Diyarbakır University of Health Sciences Turkey, Gazi Yaşargil Training and Research Hospital, Clinic of Paediatrics, Diyarbakır, Turkey
Diyarbakır University of Health Sciences Turkey, Gazi Yaşargil Training and Research Hospital, Clinic of Paediatric Endocrinology, Diyarbakır, Turkey
J Clin Res Pediatr Endocrinol. 2020 Sep 2;12(3):275-280. doi: 10.4274/jcrpe.galenos.2020.2019.0170. Epub 2020 Jan 28.
The tendency to reduce thyroid stimulating hormone (TSH) referral cut-off values in congenital hypothyroidism (CH) neonatal screening programs has resulted in an increase in the incidence of CH, but also the referral of infants with mild transient elevation of TSH. Therefore, there is a need to develop markers for differentiation of transient elevated TSH and permanent CH as early as safely possible to avoid unnecessary treatment. The aim was to evaluate sixth-month L-thyroxine (LT4) dose as a predictive marker for differentiation of transient elevated TSH and permanent CH.
Data of patients who had been followed after referral from the neonatal screening programme between the year 2010 and 2019 in a tertiary pediatric endocrine centre were examined retrospectively.
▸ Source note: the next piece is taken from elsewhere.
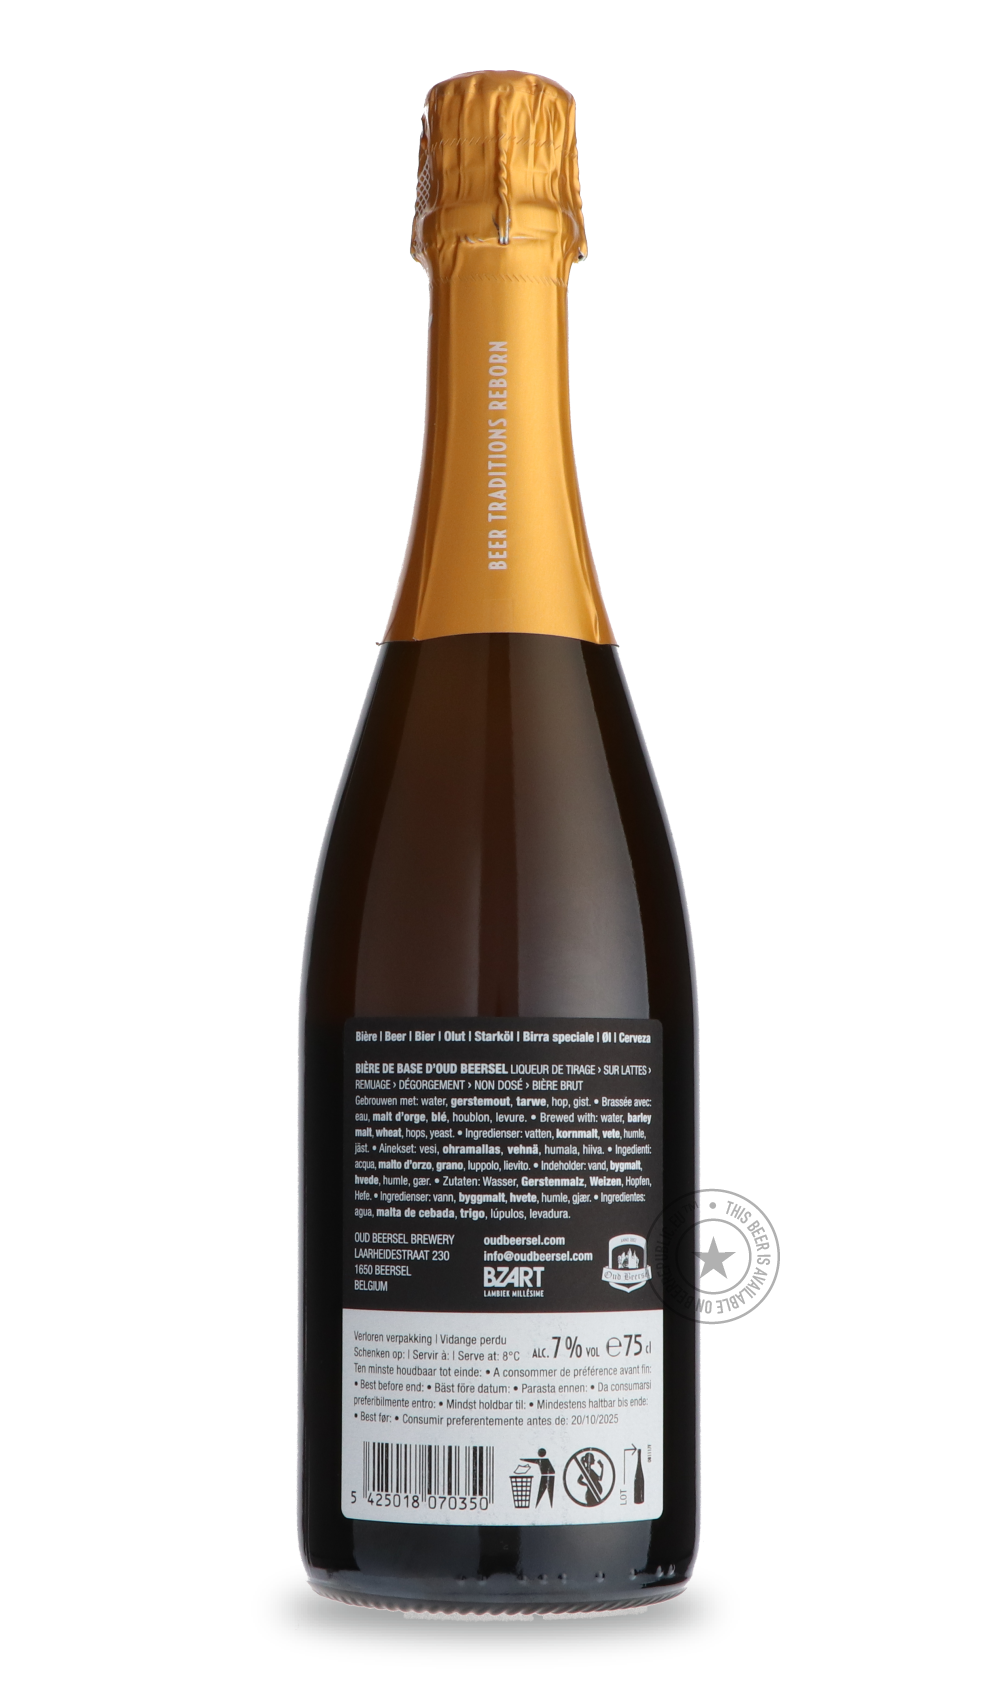 -Oud Beersel- Bzart Lambiek Millésime 2018-Sour / Wild & Fruity- Only @ Beer Republic - The best online beer store for American & Canadian craft beer - Buy beer online from the USA and Canada - Bier online kopen - Amerikaans bier kopen - Craft beer store - Craft beer kopen - Amerikanisch bier kaufen - Bier online kaufen - Acheter biere online - IPA - Stout - Porter - New England IPA - Hazy IPA - Imperial Stout - Barrel Aged - Barrel Aged Imperial Stout - Brown - Dark beer - Blond - Blonde - Pilsner - Lager 
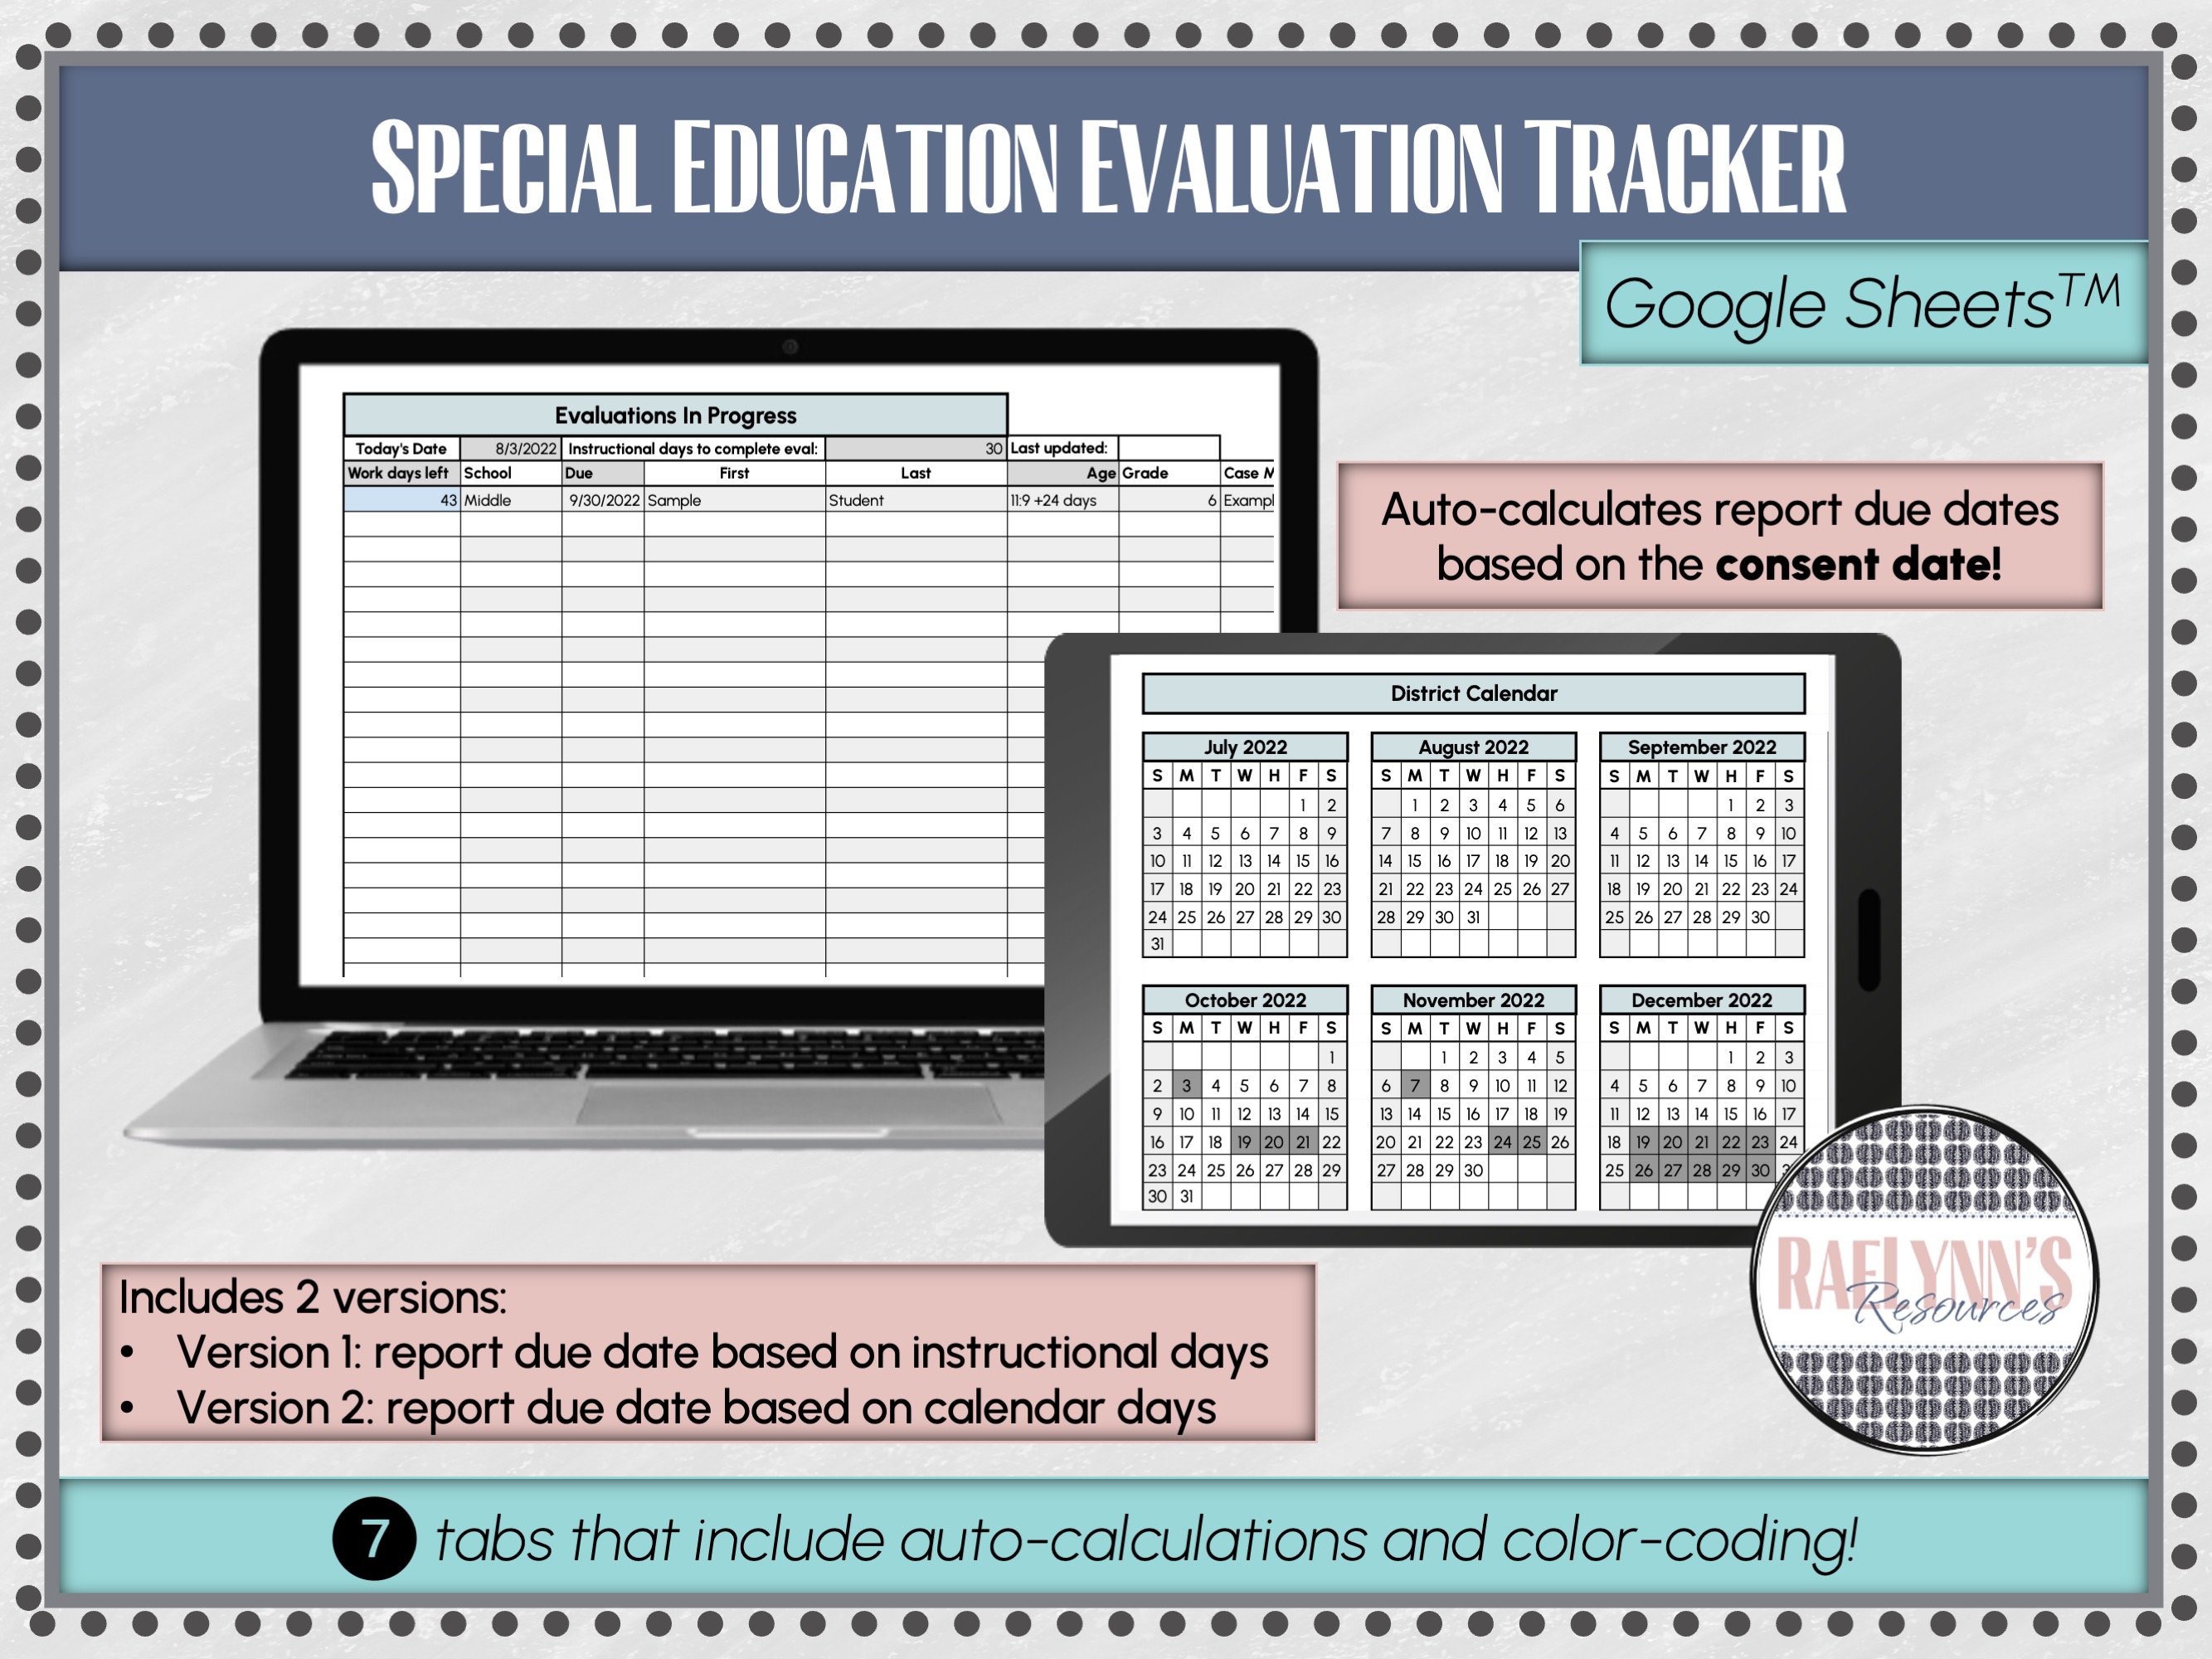 Special Education Evaluation Tracker for Google Sheets

There were 226 cases referred, of whom 186 (82.3%) had eutopic thyroid gland, and 40 (17.7%) had dysgenetic gland. In patients with a dysgentic gland there was a non-significant tendency to have lower diagnostic free thyroxine concentration but significantly higher TSH compared with those with eutopic gland (p=0.44 and p=0.023, respectively). Patients with thyroid dysgenesis required higher initial and six month LT4 doses compared with those with eutopic glands (p=0.001). Receiver operator curve analysis showed the optimum cut-off value for LT4 at six months for transient vs. permanent CH was 2 μg/kg/day (sensitivity 77% and specificity 55%), regardless of etiology. Similarly, in patients with eutopic glands the optimum cut-off value for LT4 dose at six months for permanent vs. transient patients was 2 μg/kg/day (sensitivity 72% and specificity 54%).
Results suggest that LT4 requirement at six months of therapy may be a good marker for predicting transient TSH elevation in patients with eutopic thyroid gland, thus facilitating the decision to halt LT4 therapy.
先天性甲状腺功能减退症(CH)新生儿筛查计划中降低促甲状腺激素(TSH)转诊截止值的趋势导致 CH 的发病率增加,但也导致 TSH 轻度一过性升高的婴儿转诊。因此,需要尽早开发标志物来区分一过性 TSH 升高和永久性 CH,以避免不必要的治疗。目的是评估 6 个月时左旋甲状腺素(LT4)剂量作为区分一过性 TSH 升高和永久性 CH 的预测标志物。
回顾性分析 2010 年至 2019 年期间在一家三级儿科内分泌中心接受新生儿筛查计划转诊后随访的患者数据。
共 226 例患者被转诊,其中 186 例(82.3%)甲状腺位置正常,40 例(17.7%)甲状腺发育不良。在甲状腺发育不良的患者中,诊断游离甲状腺素浓度无显著降低趋势,但 TSH 显著升高(分别为 p=0.44 和 p=0.023)。与甲状腺位置正常的患者相比,甲状腺发育不良的患者需要更高的初始和 6 个月 LT4 剂量(p=0.001)。接受者操作特征曲线分析显示,6 个月时 LT4 对暂时性与永久性 CH 的最佳截断值为 2μg/kg/天(敏感性为 77%,特异性为 55%),与病因无关。同样,在甲状腺位置正常的患者中,6 个月时 LT4 剂量对永久性与暂时性患者的最佳截断值为 2μg/kg/天(敏感性为 72%,特异性为 54%)。
结果表明,治疗 6 个月时的 LT4 需要量可能是预测甲状腺位置正常的患者一过性 TSH 升高的良好标志物,从而有助于决定停止 LT4 治疗。